Fresh mushrooms are a nice addition to the sauce if you have time to clean and chop them. (I don’t buy pre-sliced mushrooms because they’re still dirty and take longer to clean than whole caps.) White button mushrooms, cremini mushrooms or portobellas are all good in spaghetti sauce. Clean, remove stems, coarsely chop, then saute. If you’ve got a big enough skillet or pot, they can be added with the onion and garlic. Mushrooms will cook down quite a bit, but nevertheless, .2 (or less) oz fresh is about the right amount for one batch of sauce unless you’re making a larger amount of sauce. (If you get more than that you can always saute them up and use them another night on pizza or in quesadillas.)
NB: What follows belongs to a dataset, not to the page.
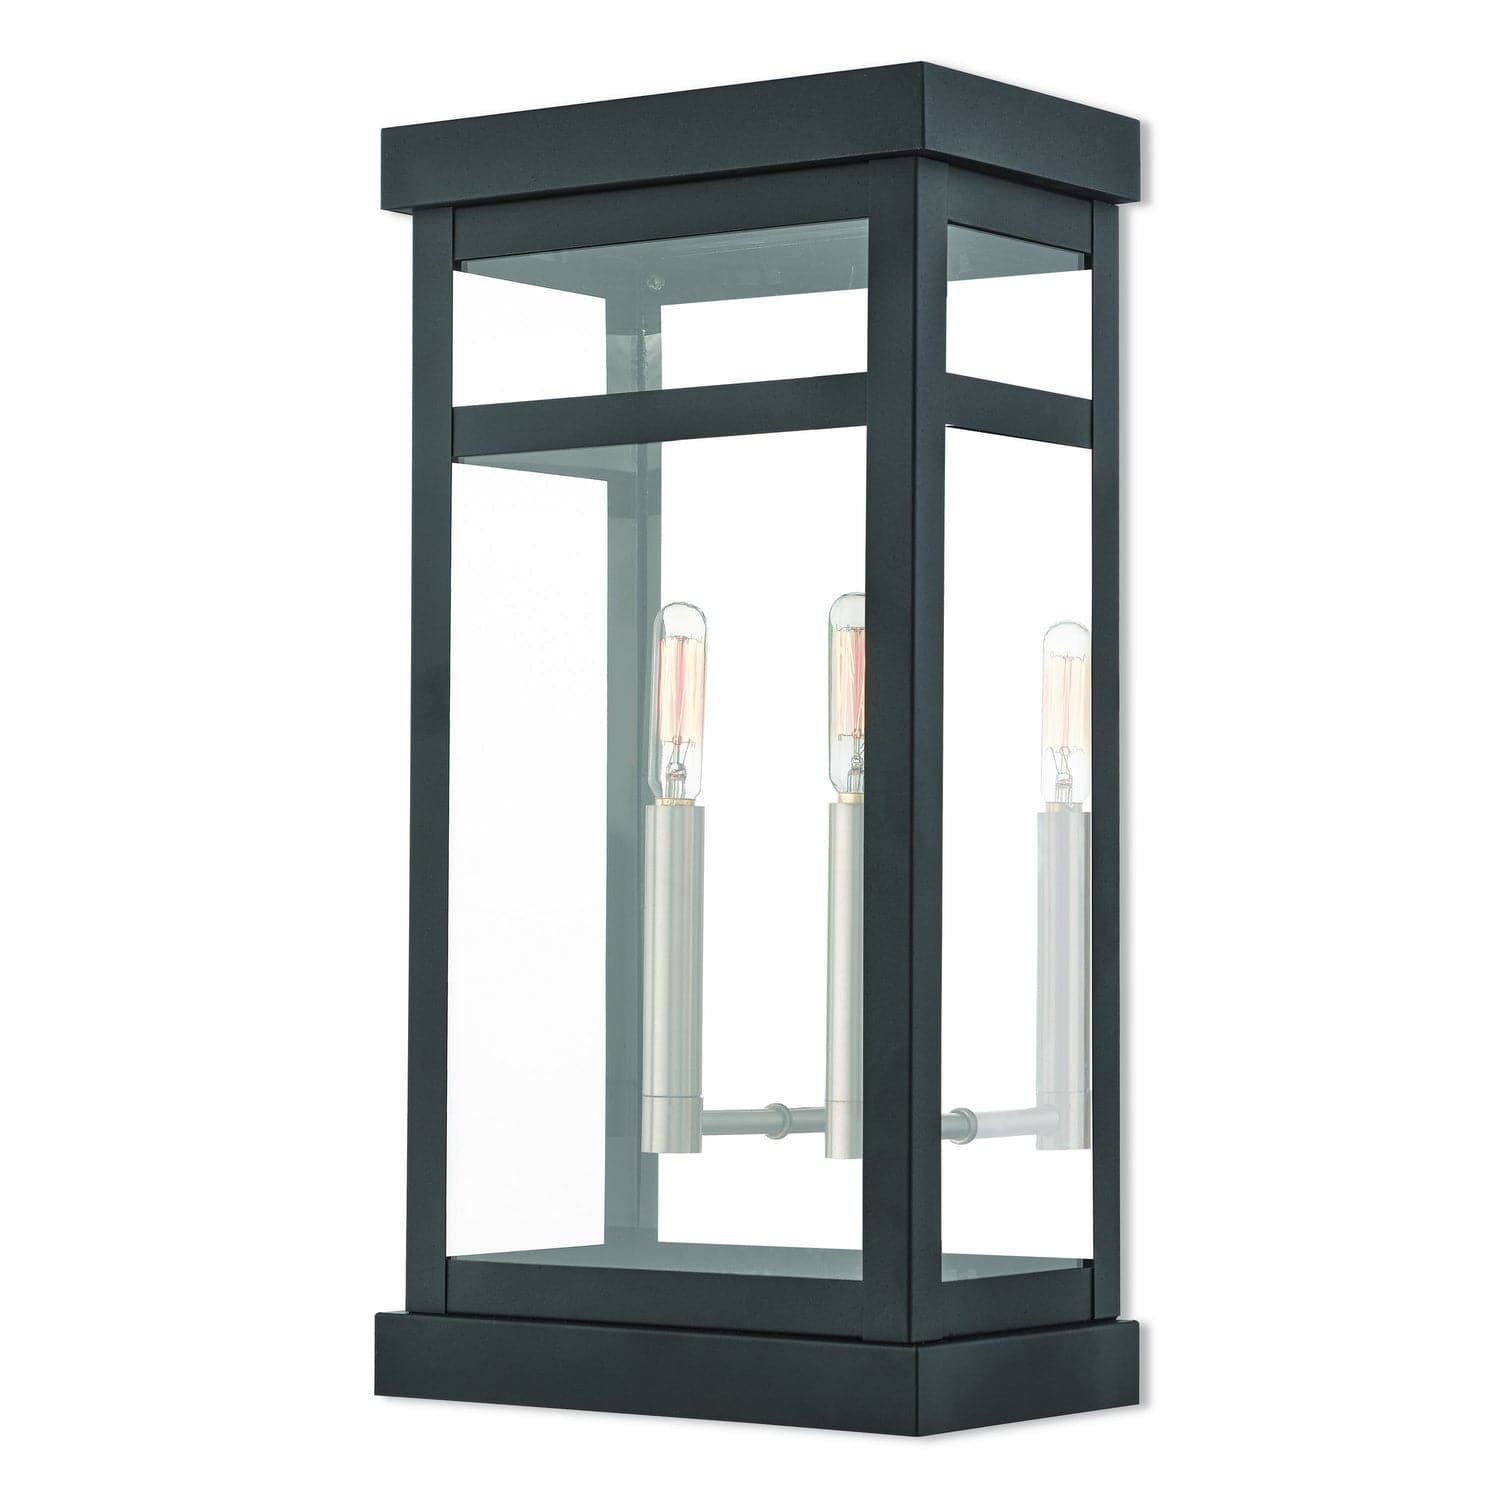 Livex Lighting - 20704-04 - Two Light Outdoor Wall Lantern - Hopewell - Black w/ Brushed Nickel Cluster and Polished Chrome Stainless Steel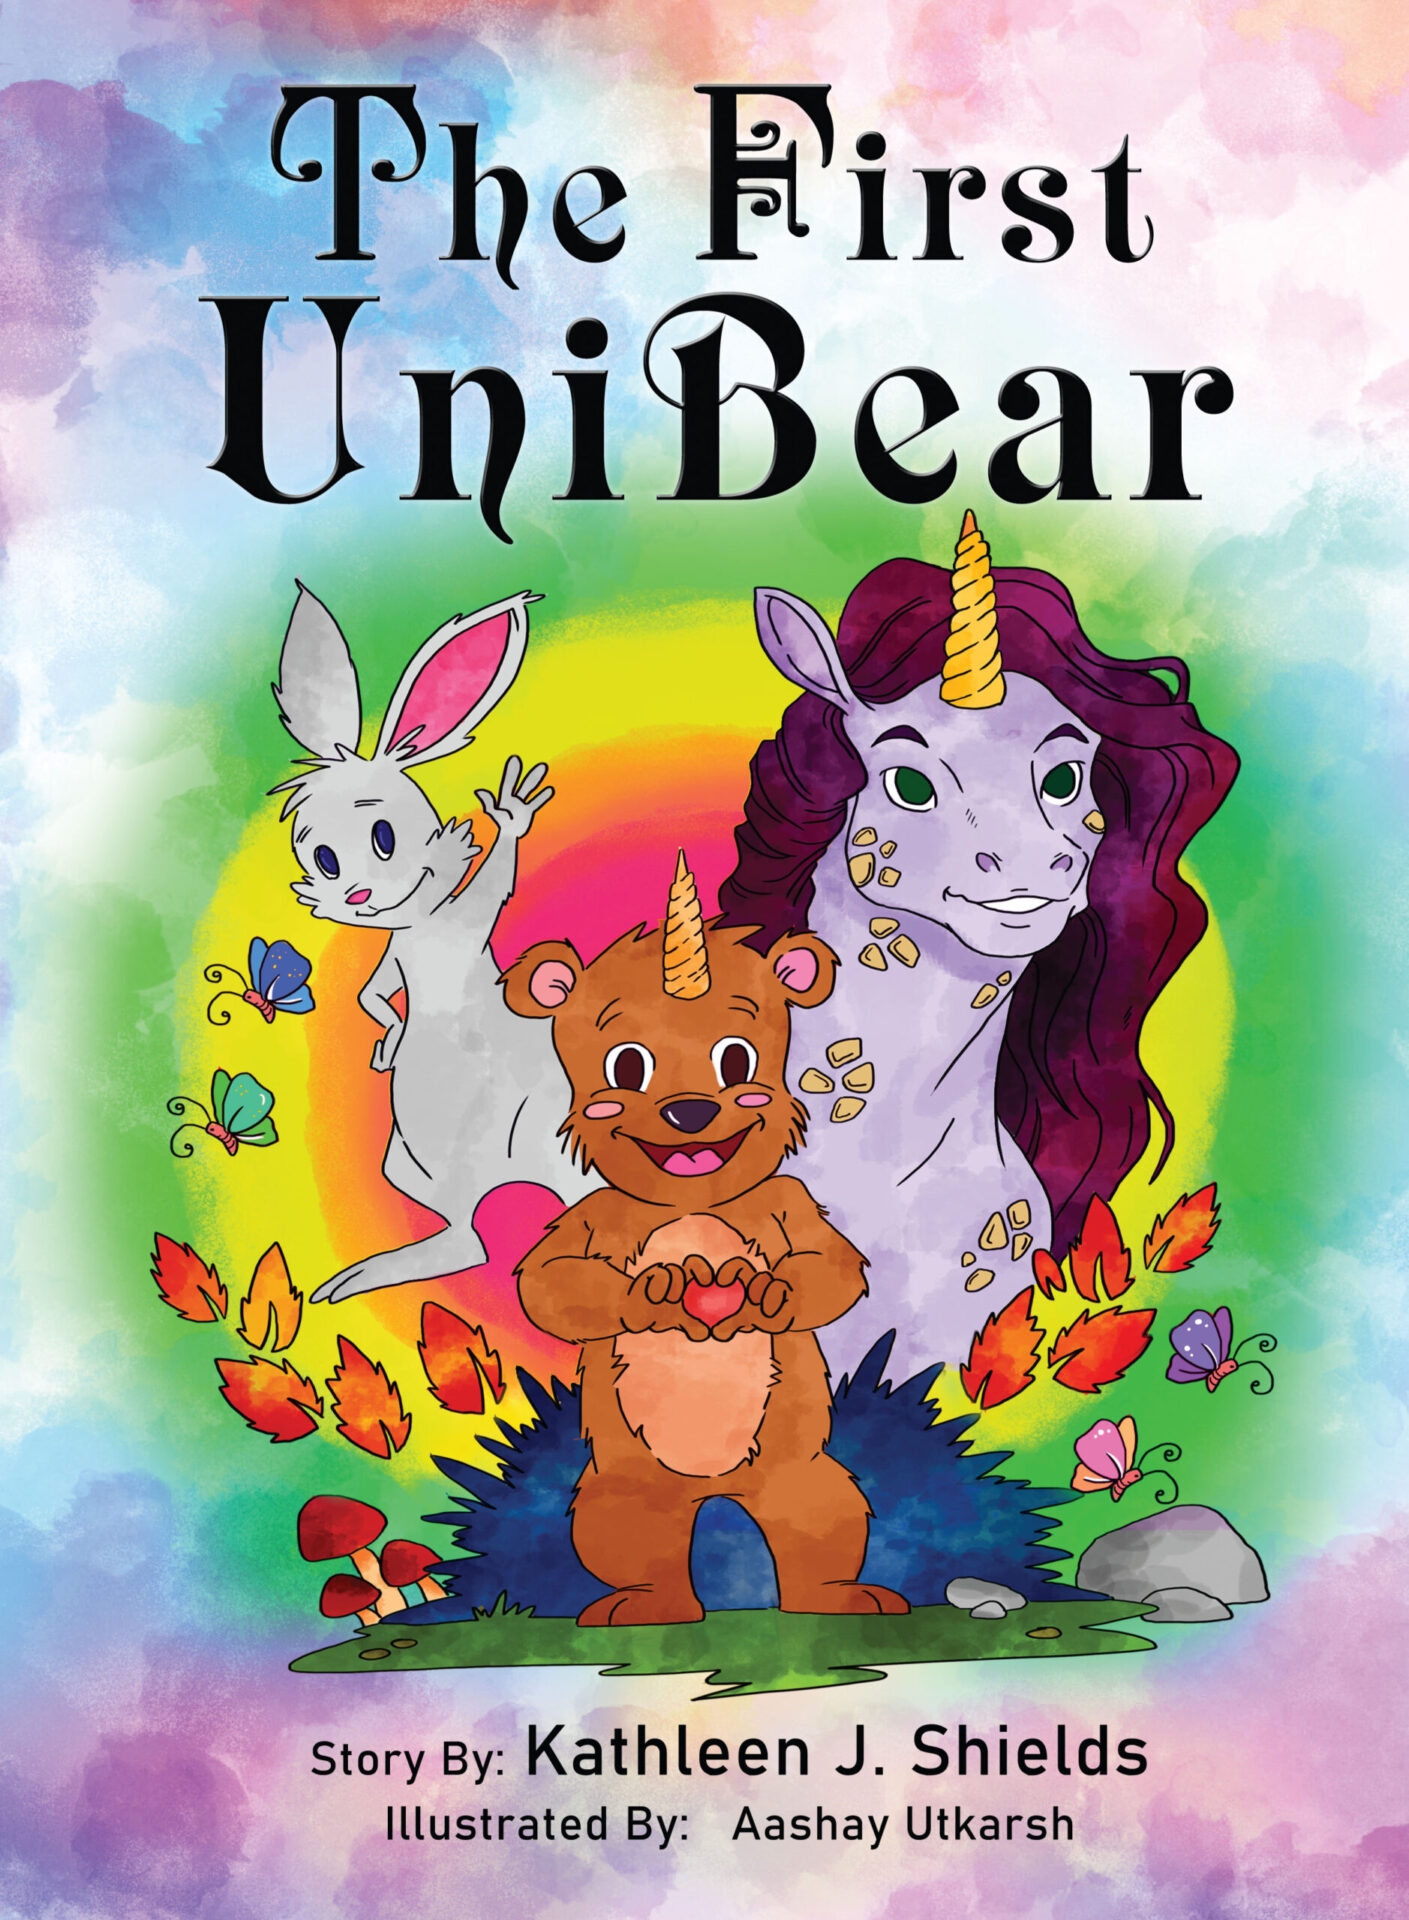 The First Unibear Rhyming Illustrated Story Book by author Kathleen J. Shields

If you’ve got a bottle of wine open to go with the meal, a splash (no more than 1/4 cup) of a “good spaghetti wine” such as Chianti or a Sangiovese (the primary variety of grape used in Chianti) would be good in the sauce—or whatever wine you like with spaghetti. If it goes great with the meal, it will go well in the sauce —or the cook! 😉

Some people like bell pepper in spaghetti sauce. I have added a bit of bell pepper on occasion, but it always seems to me like it doesn’t “fit” the flavor of the sauce somehow. If you like it, then go for it! 🙂

If you want a spicier sauce, something with a zing of heat to it, try adding a bit (1/4 tsp) of Hungarian Hot Paprika. Not all Hungarian paprika is hot, so double check the tin when you buy it. This seasoning is one of my favs for increasing the spiciness of dishes. It’s not as hot as cayenne but far spicier than regular paprika. Definitely worth seeking out and experimenting with.

misc 006Ultimate Spaghetti Sauce

1 pkg Simple Truth Meatless Crumbles (or Smart Ground)
1 15 oz can tomato sauce
1 14.5 oz can diced tomatoes
1 6 oz can tomato paste
1/4 cup Sangiovese wine
.24 oz fresh mushrooms (white button, or your favorite), de-stemmed, coarsely chopped
1 onion, chopped
3 cloves of garlic, run through garlic press, or minced
1 Tbls basil
2 tsp oregano
1/2 tsp marjoram
2 rounded spoonfuls of brown sugar
1/4 tsp black pepper
1/4 tsp Hungarian hot paprika
olive oil

Saute onions, garlic and mushrooms in olive oil until onions are translucent and mushrooms have mostly changed color. Add tomato products, Smart Ground, wine, seasonings, and brown sugar. (The Hungarian hot paprika will add a slight spiciness but not make the sauce hot. If it’s too mild, increase the amount the next time you make the sauce.) Add a small amount of water until consistency of sauce looks about right. Simmer covered for 30 minutes minimum on low heat, stirring occasionally. Serve over hot, drained spaghetti or pasta of your choice.